There were a great many issues that were not in evidence; for example, issues of disability or additional support were largely missing, as were issues of gender or sexuality. People will be campaigning about these issues too. The authors of this course, for example, have seen films about issues such as advocating for refugees, children of military personnel and people experiencing hunger and poverty.

The breadth of advocacy is not something which can be defined by categories, issues or types. It requires ongoing flexibility which can respond to the numerous and fluid issues that arise in a school context. Advocating for others (or yourself), therefore, is not always simple and there are times where the process can bring people into contact with new understandings and practices. For example, policy advocacy can require that practitioners acquire the language and procedures used by policymakers (Aydarova et al., 2022). These practitioners may also need to push against barriers when attempting to make a policy difference beyond the school, where their expertise can be doubted or they can lack the support or time required to be fully involved in the various stages of policy making (Derrington & Anderson, 2020).

Another challenge is ensuring that the manner or nature of what you are advocating for is in the best interests of the people you are advocating for. For example, many would suggest that viewing disability as a deficit in the child is very much against the interests of the child.
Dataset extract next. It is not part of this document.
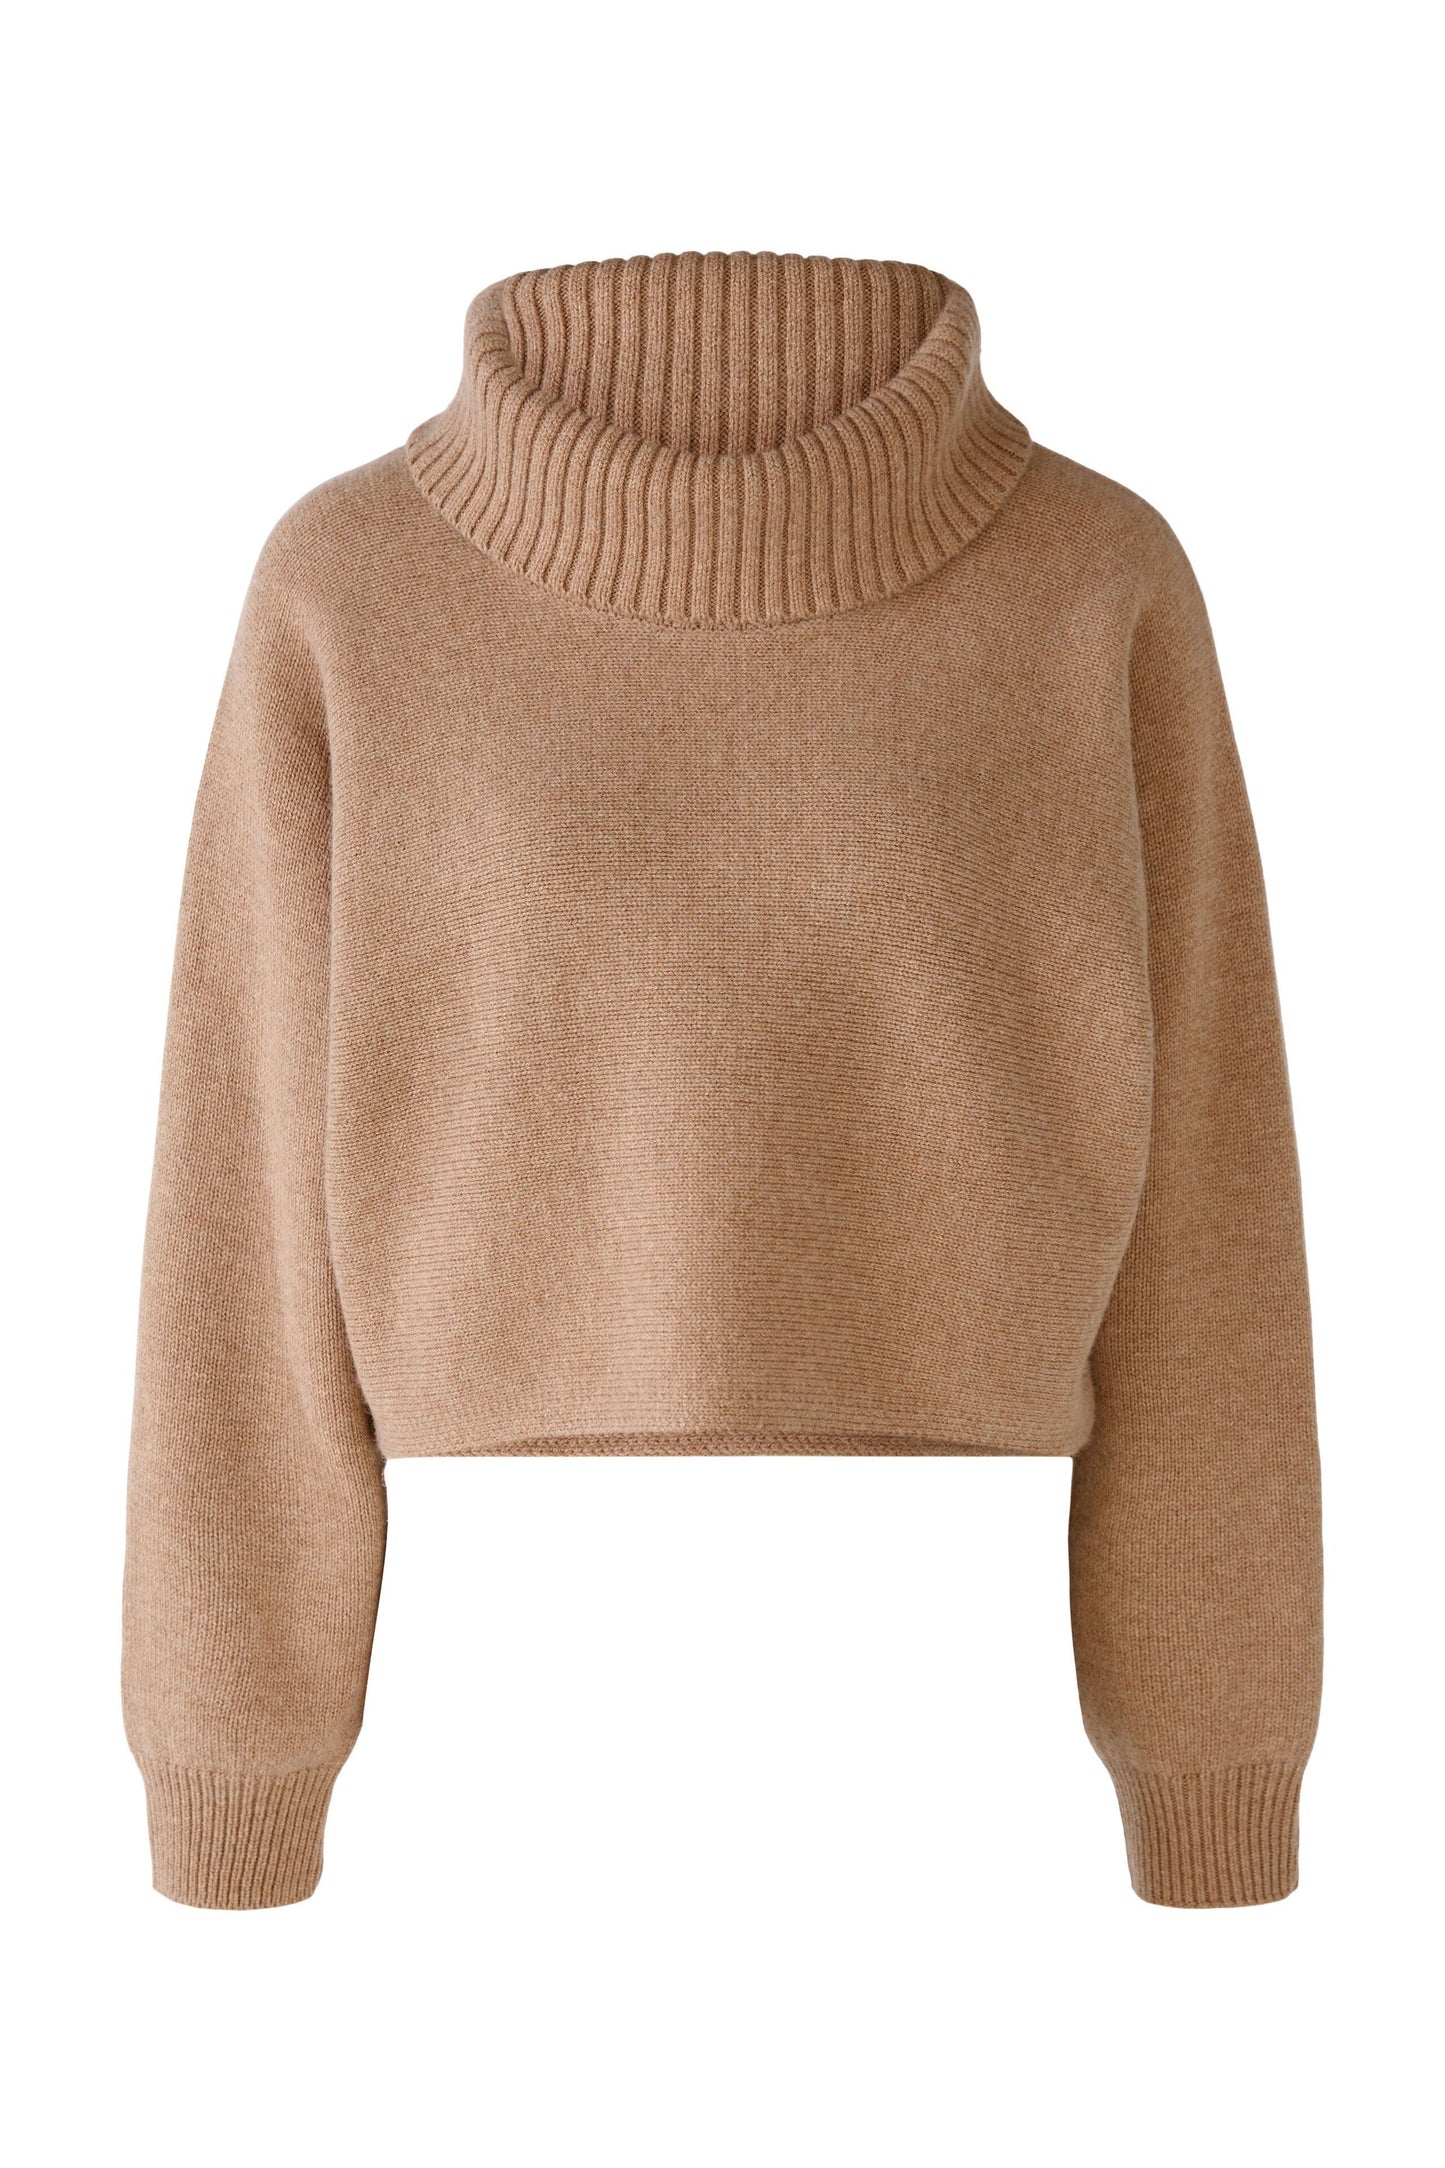 Pullover Wollmischung (Camel)

Yet this is the dominant discourse used by schools and parents in talking about children’s interests and needs (for example Bacon & Causton-Theoharis, 2013). In seeking to support people in school we can easily be advocating for practices which actually marginalise them further.

The unintentional capacity for practitioners to misrepresent people is evident in an interesting study which looked at how teachers understand the community that their students come from. The disparities and injustices they identified did not properly reflect the students’ authentic communities and meant practitioner solutions placed responsibility on members of a presumed ‘community’. In order to properly understand the issues they were engaging with the researchers suggested: ‘teachers must be able to facilitate conversations to understand these disparities within the larger systemic-historical context’ (Philip et al., 2013, p. 182).

Cartoon of a messy young person ‘They always told me the chances were I’d fail’. ‘Strangely, Kevin rather liked Maths exams’.